Changes in cervico-vaginal microbiota with Lactobacillus depletion and increased microbial diversity facilitate human papillomavirus (HPV) infection and might be involved in viral persistence and cancer development. To define the microbial Community State Types (CSTs) associated with high-risk HPV-persistence, we analysed 55 cervico-vaginal samples from HPV positive (HPV+) women out of 1029 screened women and performed pyrosequencing of 16S rDNA. A total of 17 samples from age-matched HPV negative (HPV-) women were used as control. Clearance or Persistence groups were defined by recalling women after one year for HPV screening and genotyping.

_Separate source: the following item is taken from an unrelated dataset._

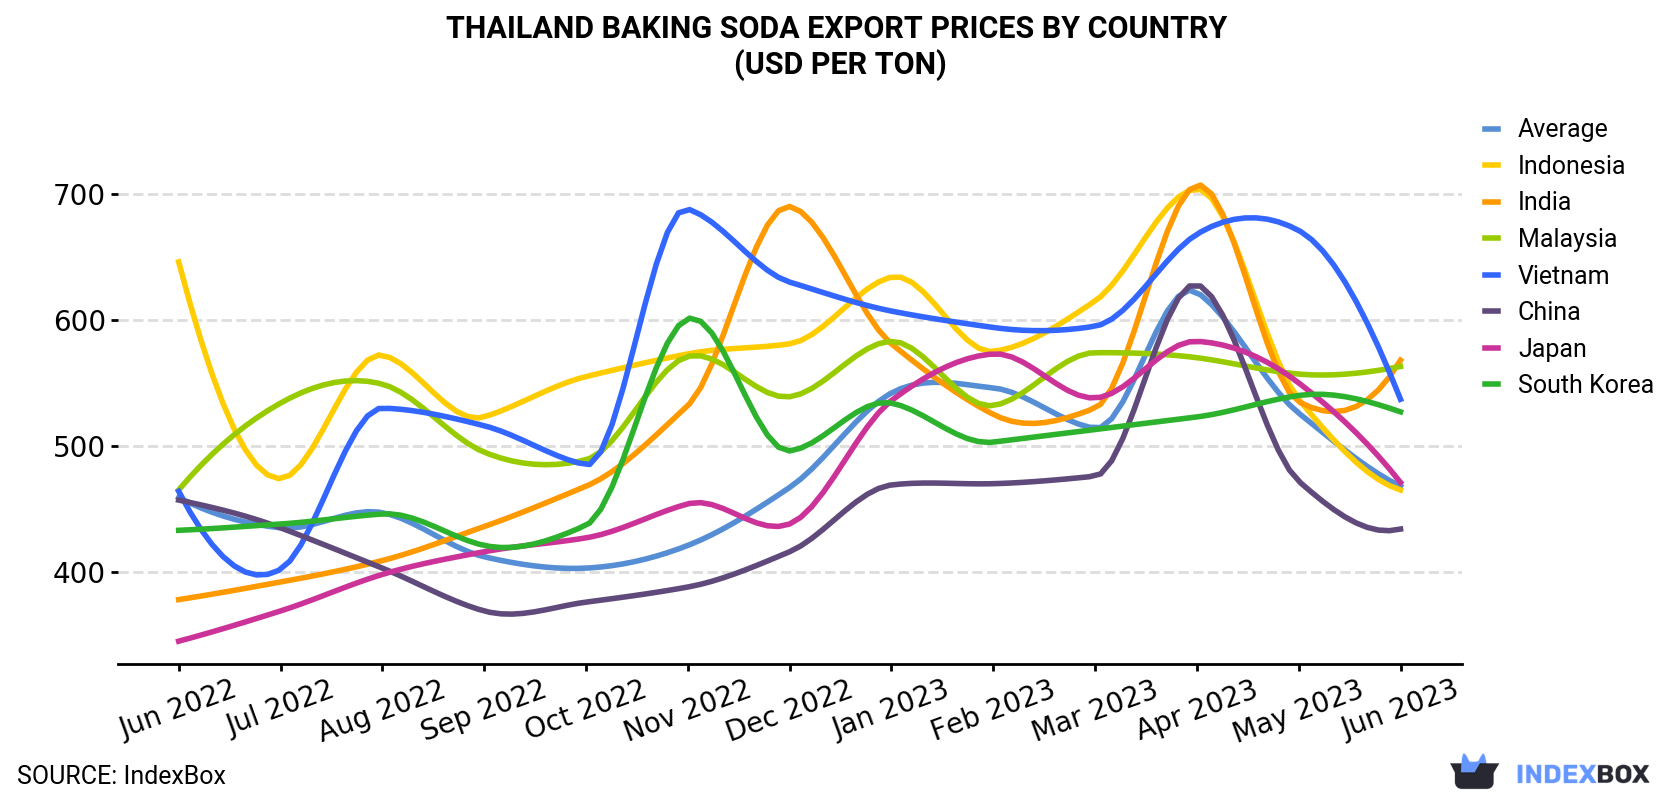 Thailand Baking Soda Export Prices By Country (USD Per Ton)

A CST IV subgroup, with bacterial genera such as Gardnerella, Prevotella, Megasphoera, Atopobium, frequently associated with anaerobic consortium in bacterial vaginosis (BV), was present at baseline sampling in 43% of women in Persistence group, and only in 7.4% of women in Clearance group. Atopobium genus was significantly enriched in Persistence group compared to the other groups. Sialidase-encoding gene from Gardnerella vaginalis, involved in biofilm formation, was significantly more represented in Persistence group compared to the other groups. Based on these data, we consider the CST IV-BV as a risk factor for HPV persistence and we propose Atopobium spp and sialidase gene from G. vaginalis as microbial markers of HPV-persistence.